In Anbetracht der Tatsache, dass die PrL-Pyramidenzellen von ELA-Mäusen eine verringerte glutamaterge Übertragung aufwiesen, untersuchten wir, ob eine Hochregulierung der Aktivierung dieser Pyramidenzellen ELA-bedingte Gedächtnisdefizite wiederherstellt. Wir verwendeten transgene Thy1-Cre-Mäuse, in denen eine Gruppe von PrL-Pyramidenzellen den Thy1-Promotor exprimierte. Während des Gedächtnistests können diese Thy1-exprimierenden Pyramidenzellen selektiv über einen Cre-abhängigen Gq-exzitatorischen DREADD-Ansatz aktiviert werden, der durch Post-hoc-Erkennung der Fos-Koexpression in allen hM3D(Gq)-mCherry-exprimierenden Zellen verifiziert wird. Um sicherzustellen, dass die Gq-DREADD-Vektoren spezifisch in die PrL abgegeben wurden, wurde eine für die stereotaktische Injektion verwendete Glaspipette auf ±6° schräg (ML = 0 mm) eingestellt. Die postoperativen Untersuchungen zeigten, dass Zellen im cingulären Kortex und in den Bereichen rund um den PrL weniger von den Vektoren betroffen waren. In der Studie wurde CNO verabreicht, um die Thy1-Cre-exprimierenden PrL-Pyramidenzellen während einer T-Labyrinth-Aufgabe zu stimulieren [50, 51]. Bei ELA-Mäusen mit CNO-Verabreichung wurde ein erhöhter Prozentsatz spontaner Wechsel und eine verringerte Wahllatenz bei T6 in der Aufgabe beobachtet, was auf ein verbessertes Arbeitsgedächtnis hinweist. Es ist nicht bekannt, ob eine durch chemogenetische Aktivierung induzierte Verbesserung des Arbeitsgedächtnisses mit einer erhöhten Wirbelsäulendichte verbunden ist. Es sind Studien erforderlich, um diesen wichtigen Punkt anzugehen und die Wirkung der chemogenetischen Aktivierung auf die synaptische Übertragung zu verstehen. Bemerkenswert ist, dass diese Ergebnisse nicht auf Off-Target-Effekte von CNO zurückzuführen waren, da das Kontrollvirus AAV2-DIO-mCherry keinen Einfluss auf die Gedächtnistests hatte und die CNO-induzierte spezifische Aktivierung von hM3D(Gq)-exprimierenden Pyramidenzellen bestätigt wurde durch Koexpression von Fos im PrL. Diese Daten stützen die Möglichkeit, dass chemogenetische Strategien, die eine Hochregulierung der Zellaktivierung beinhalten, die Gedächtnisdefizite wiederherstellen könnten, die häufig nach Entwicklungsstressoren beobachtet werden.

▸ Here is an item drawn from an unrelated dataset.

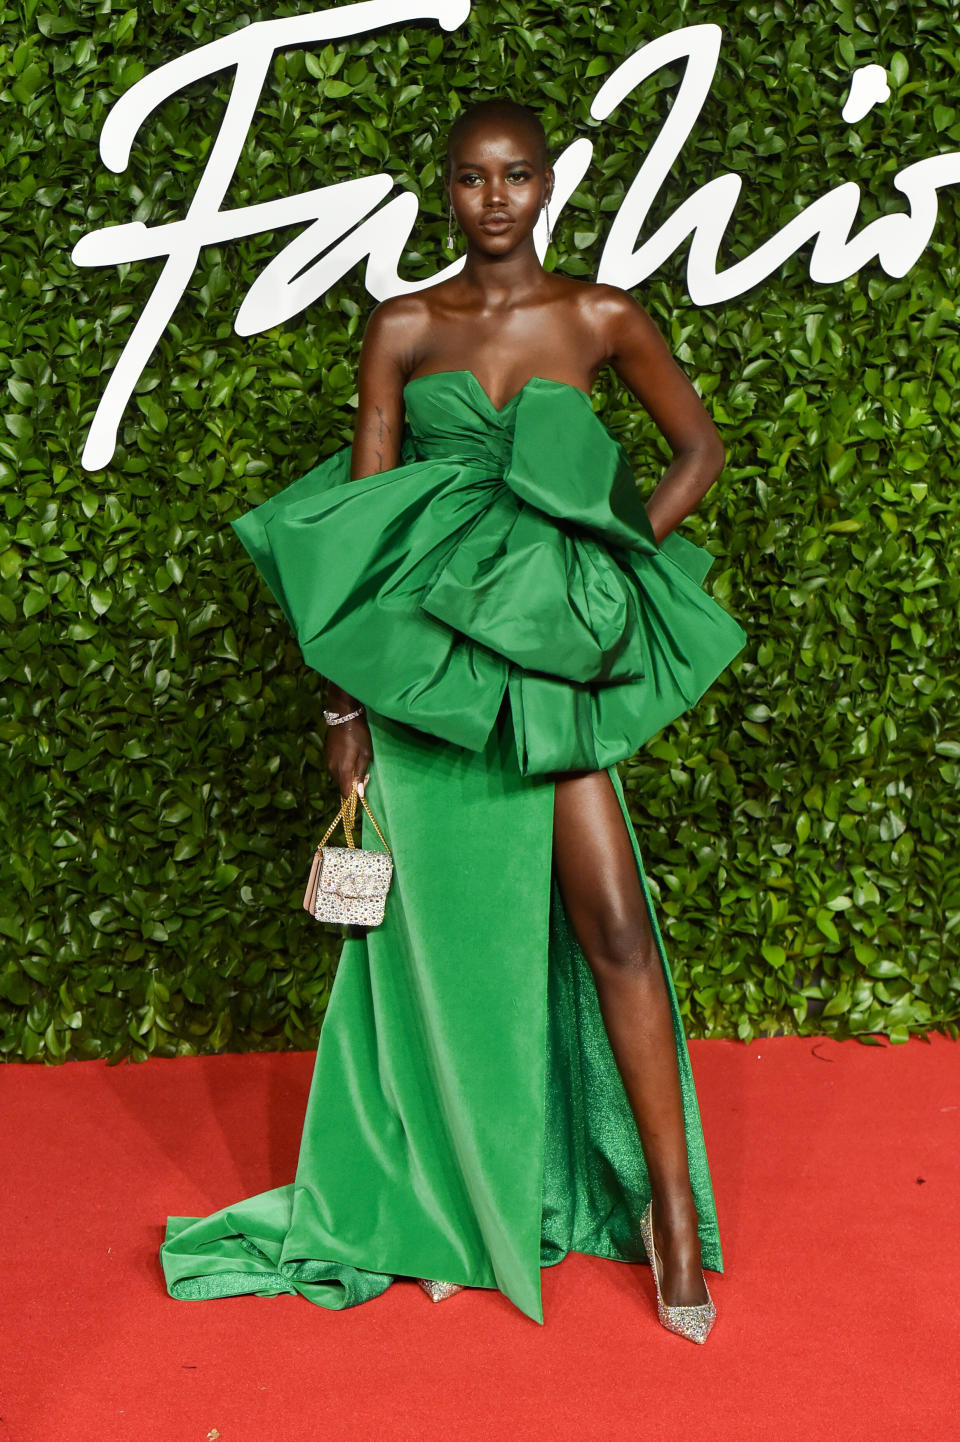 Adut Akech&nbsp;at the Fashion Awards in London on Dec. 2.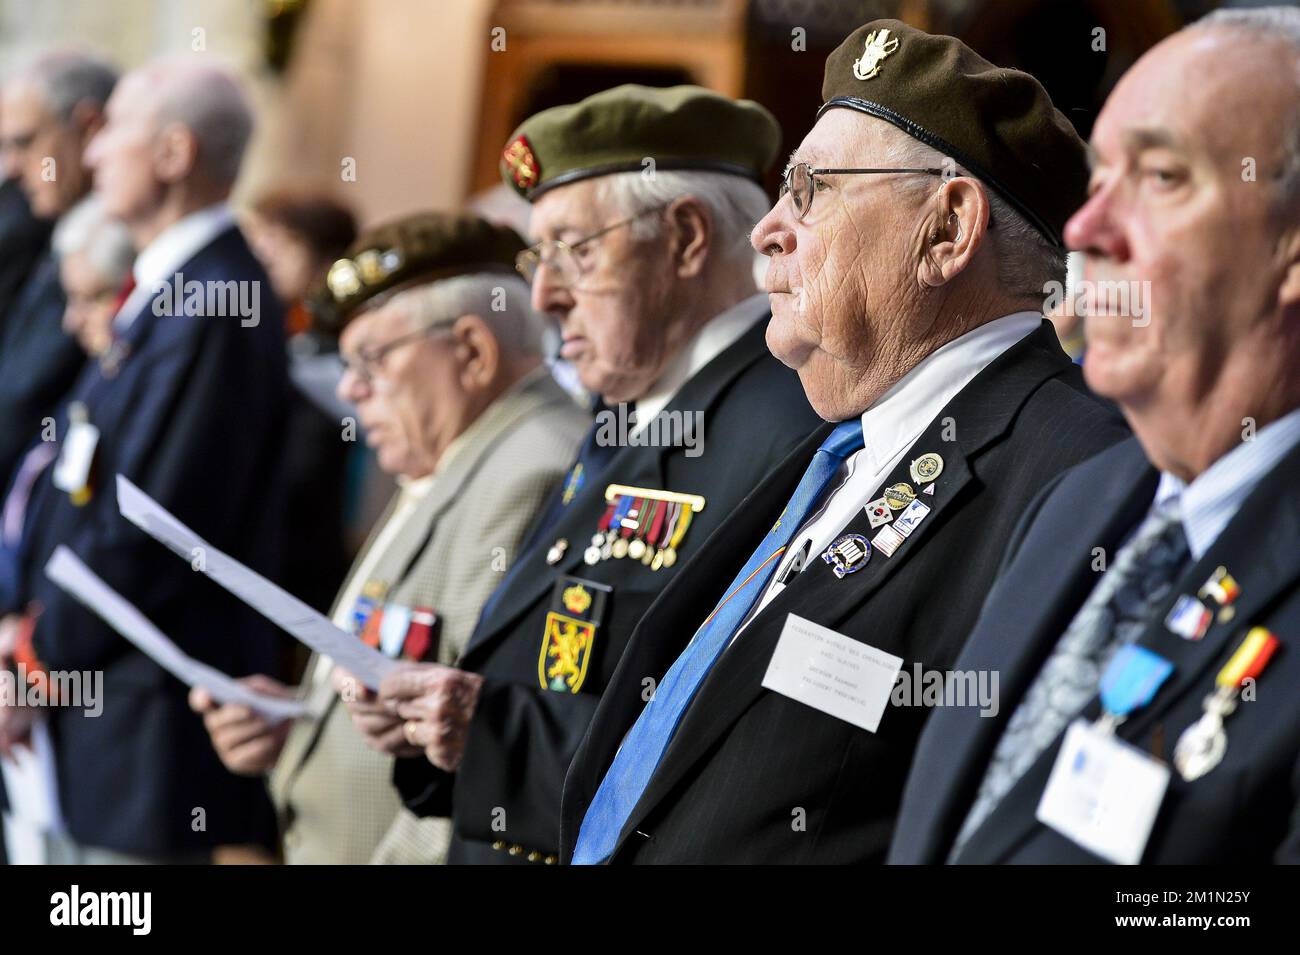 20120721 - LIEGE, BELGIUM: Illustration shows veterans during the Te Deum mass, on the occasion of today's Belgian National Day, at the Cathedrale Saint-Paul (Sint-Pauluskathedraal) cathedral, Saturday 21 July 2012 in Liege. BELGA PHOTO NICOLAS LAMBERT Stock Photo

Zusammenfassend deuten die hier präsentierten Daten darauf hin, dass negative Erfahrungen in jungen Jahren dauerhafte Auswirkungen auf die dendritischen Stacheln und postsynaptischen Kontakte der PrL-Pyramidenzellen haben, was sich nachteilig auf die glutamaterge Übertragung und das frontalabhängige Arbeitsgedächtnis auswirkt. Eine Hochregulierung der Aktivierung von PrL-Pyramidenzellen kann die Leistung des räumlichen Arbeitsgedächtnisses bei Mäusen, die in jungen Jahren Widrigkeiten erlebt haben, effizient verbessern und so die Bedeutung der Integrität der dendritischen Struktur auf frontalen Pyramidenzellen weiter aufdecken.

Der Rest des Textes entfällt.